# Integral of an exponential that has a polynomial

How would one evaluate $$\Phi = \int_{-\infty}^{+\infty} e^{-(ax+bx^2)} dx$$.

I was trying to change it into a product of an error function and a gamma function, but I needed an extra dx. Any other ideas?

## Answers and Replies

Let X = ? such as : ax+bx² = A X² +B

I don't really see how that would work.

I tried setting u=ax, v=bx^2. Then i would use
$$\Gamma(1) = \int_{0}^{\infty} e^{-u}du$$
$${\rm erf}(x) = \int_{-\infty}^{x} e^{-v^2}dv$$
I'm not exactly sure how to use that in
$$\int_{-\infty}^{+\infty} e^{-u} e^{-v^2} du$$
without another differential dv somewhere.

You are not on the right way !
ax+bx² = b(x+(a/2b))² -a²/4b
X= x+(a/2b)
exp(-(ax+bx²)) = exp(a²/4b)*exp(-b X²)
Then integrate exp(-b X²)*dX

How would one evaluate $$\Phi = \int_{-\infty}^{+\infty} e^{-(ax+bx^2)} dx$$.

I was trying to change it into a product of an error function and a gamma function, but I needed an extra dx. Any other ideas?

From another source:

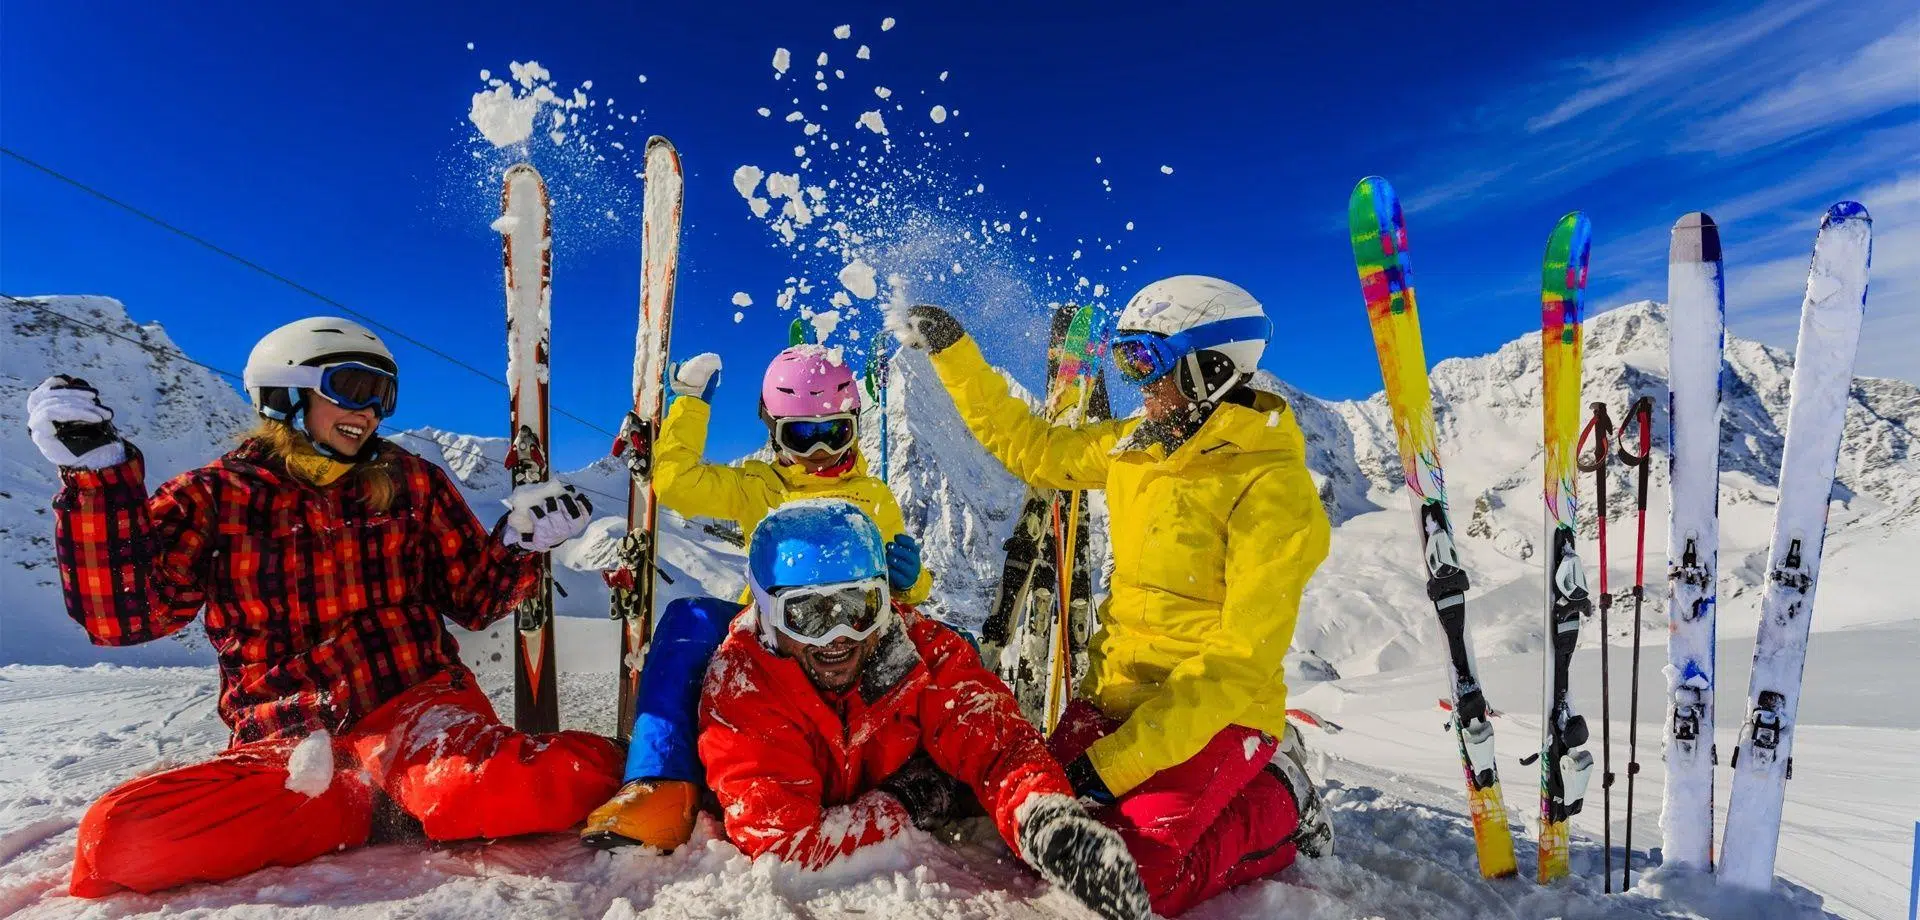 Le bonheur de passer des vacances au ski

$$\displaystyle{ \int_{-\infty}^{+\infty} e^{-(ax+bx^2)} dx= \int_{-\infty}^{+\infty} e^{-b\left(x+\frac{a}{2b}\right)^2}e^{\frac{a^2}{4b}} dx=\frac{e^{\frac{a^2}{4b}}}{\sqrt{b}} \int_{-\infty}^{+\infty} e^{-x^2} dx=e^{\frac{a^2}{4b}}\sqrt{\frac{\pi}{b}}\,,\,\,with}$$

(1) first equality: completing the square

(2) second equality: substituting $\displaystyle{\sqrt{b}\left(x+\frac{a}{2b}\right) \to y}$

(3) third equality: using $\displaystyle{\int_{-\infty}^\infty e^{-x^2}dx=\sqrt{\pi}}$

DonAntonio

Ps. Of course, I assume $b>0$